A luminosity of $L=1200L_{\odot}$ is actually quite low for a TŻO. Since Thorne and Żytkow's original paper, it's believed that these objects should have luminosities in the range of $L\sim10^4\text{-}10^5L_{\odot}$. As the effective temperature of a planet scales as $T_{eff}^4\propto L/D^2$, with $D$ the orbital radius, we can conclude that the habitable zone around a TŻO should be centered somewhere between 100-300 AU, with a width of perhaps tens of AU or so. Were we to use your luminosity value, the zone would instead be centered around 35 AU.

That said, the lifetimes of Thorne–Żytkow objects are believed to be on the order of 1 million years or so, which is not long enough to allow life to develop from nothing (the statement in the question that they live as long as the Sun isn't correct!).

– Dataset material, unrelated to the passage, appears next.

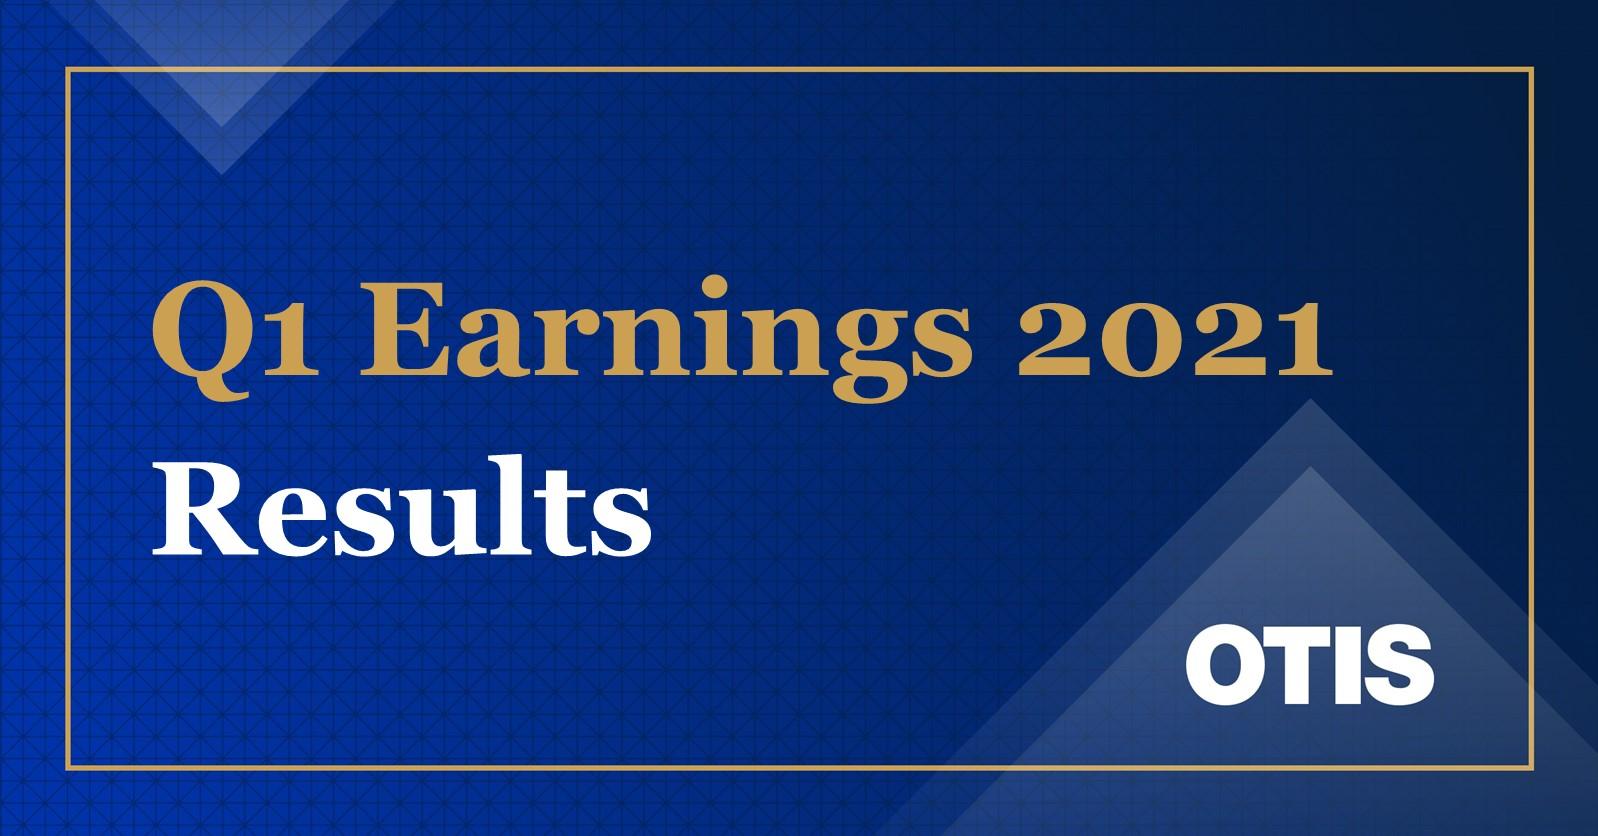 Otis reports Q1 2021 Results

On the other hand, the progenitor star of a TŻO should already have spent millions to billions of years on the main sequence and time on the horizontal and red giant branches, so there has been plenty of time for the ingredients for life to come together well in advance.

Of course, this naïve calculations fails to take several things into account. For instance, the neutron star must have formed as the result of a supernova, which could have ablated away much of the planet's atmosphere. Additionally, TŻOs have cool surfaces, with peak temperatures of perhaps ~3000 Kelvin, so photosynthesis would be harder, with less light near the peak absorption points of chlorophyll.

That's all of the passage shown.